One of the popular “survival” plans is the “Bug Out Bag” (aka BOB). Members of the survival community that use the Bug out bag, and a “head to the hills” philosophy are sometimes called backpack survivalist.
The “backpack survivalist” is a person who plans on leaving their home either ahead of a disaster or during the disaster, depending on the situation. The Survivalist, with their Bug Out Bag and family in tow, will head to some parcel of wilderness. Usually the plans include using national forest land as the retreat, areas close to large lakes where camp grounds already exist or maybe even public hunting land. When discussing these plans in detail with other survivalist, usually, exact details have not been thought out.
Example of a bug out plan: A few years ago one survivalist was talking about his plans, which included driving about 14 – 18 hours (normal drive time), across two states in order to reach a large US national park. Exact details such as refueling stops, rest areas and actual camping grounds had not been planned out. The story sounded more like a mix between the Boy Scouts and a Rambo movie.
The survivalist plans for a bug out usually goes something like this:
1. If there is a traffic jam I can just drive around it by using the ditch or grassy median.
2. Survivalsit try to buy a 4-wheel drive so they can go off road where other types of cars and light trucks can not.
3. The motorcycle is a common consideration for the survivalist. As the motorcycle gets good gas mileage and can zip through traffic jams.
4. Sometimes the survivalist will have a cache of goods left with friends and family along the planned route.
5. Some survivalist even go as far as to bury items along the planned routes. The cache is usually next to a tree, or some other land mark. The caches are usually heavy duty PVC pipe or some type of air tight container.
6. Most survivalist that use the “Bug Out Bag” plan intend on traveling very light, with at least 3 days worth of supplies for each person.
7. If there is a need for more supplies during the Bug Out, the survivalist can dig up some of the buried caches along the route.

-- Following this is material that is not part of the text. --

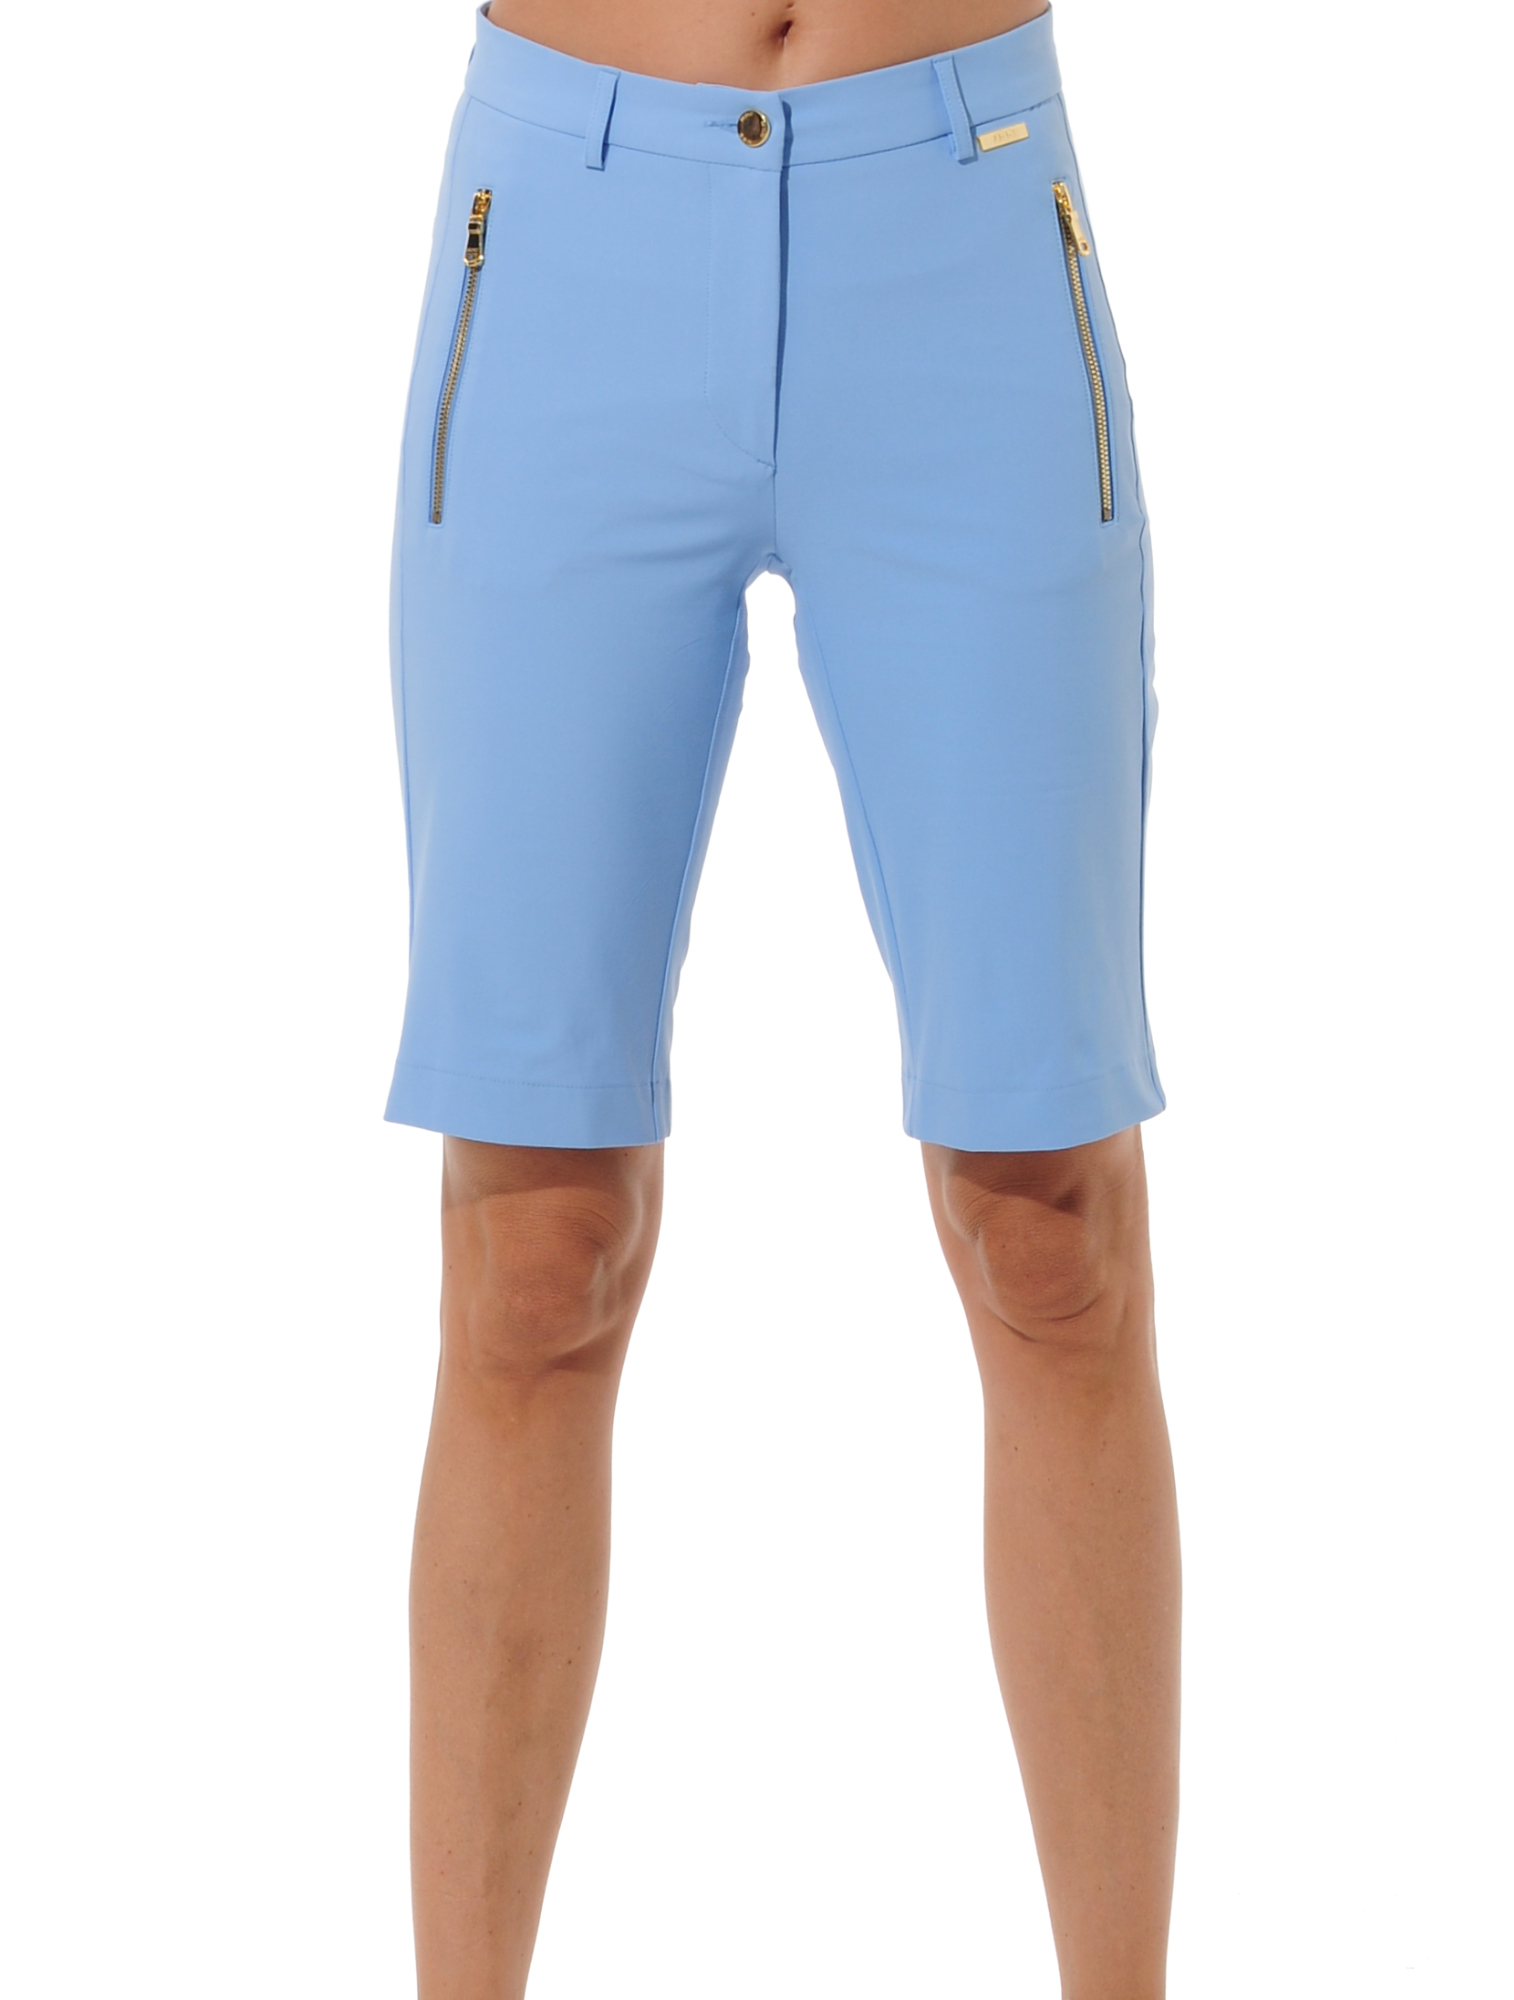 4way stretch golf bermuda shorts baby blue

The fallacy of these plans are – the typical backpack survivalist does not have a place to go once they and their family have “Bugged Out.” There are usually hopes of finding lodging, a camping ground or some wilderness area where the survivalist and their family can stay until the disaster has passed.
The very concept of “living in the woods” is flawed. Even though early man was a hunter-gatherer, the landscape has changed. Wild plants do not grow in numbers great enough to support a newly founded village. Season is very important, early man would smoke and dry meat for most of the summer to have during the winter. If a family were to just show up in a wilderness area and hope to “survive” – its highly doubtful the plan would last. After starving for a few days, a few days with no wild game brought in for food, bad weather setting in, rain, sleet, snow, boredom, wondering about friends and family members, running out of toilet paper, sickness, missing a hot shower, bath and a normal toilet – there will be a demand from most members of the group to return to normal life.

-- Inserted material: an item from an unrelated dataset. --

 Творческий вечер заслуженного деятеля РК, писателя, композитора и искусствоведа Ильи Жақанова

Once a family leaves their home and does not have a place to go, they are called refugees. Most refugees will be sleeping in shelters set up by local churches, the red cross, the salvation army or some other organization. That is just the way it is, refugees depend on the charity of others. The refugees that do not sleep in shelters will be sleeping in their cars or trucks.
The best plan a survivalist can have, is to have a “real” plan. This means that the family has a real place to go – such as a friend or family members house. The routes have already been planned and driven. The rest areas, refueling stations and places to buy food (survivalist should bring their own food) should already be plotted, noted and known ahead of time.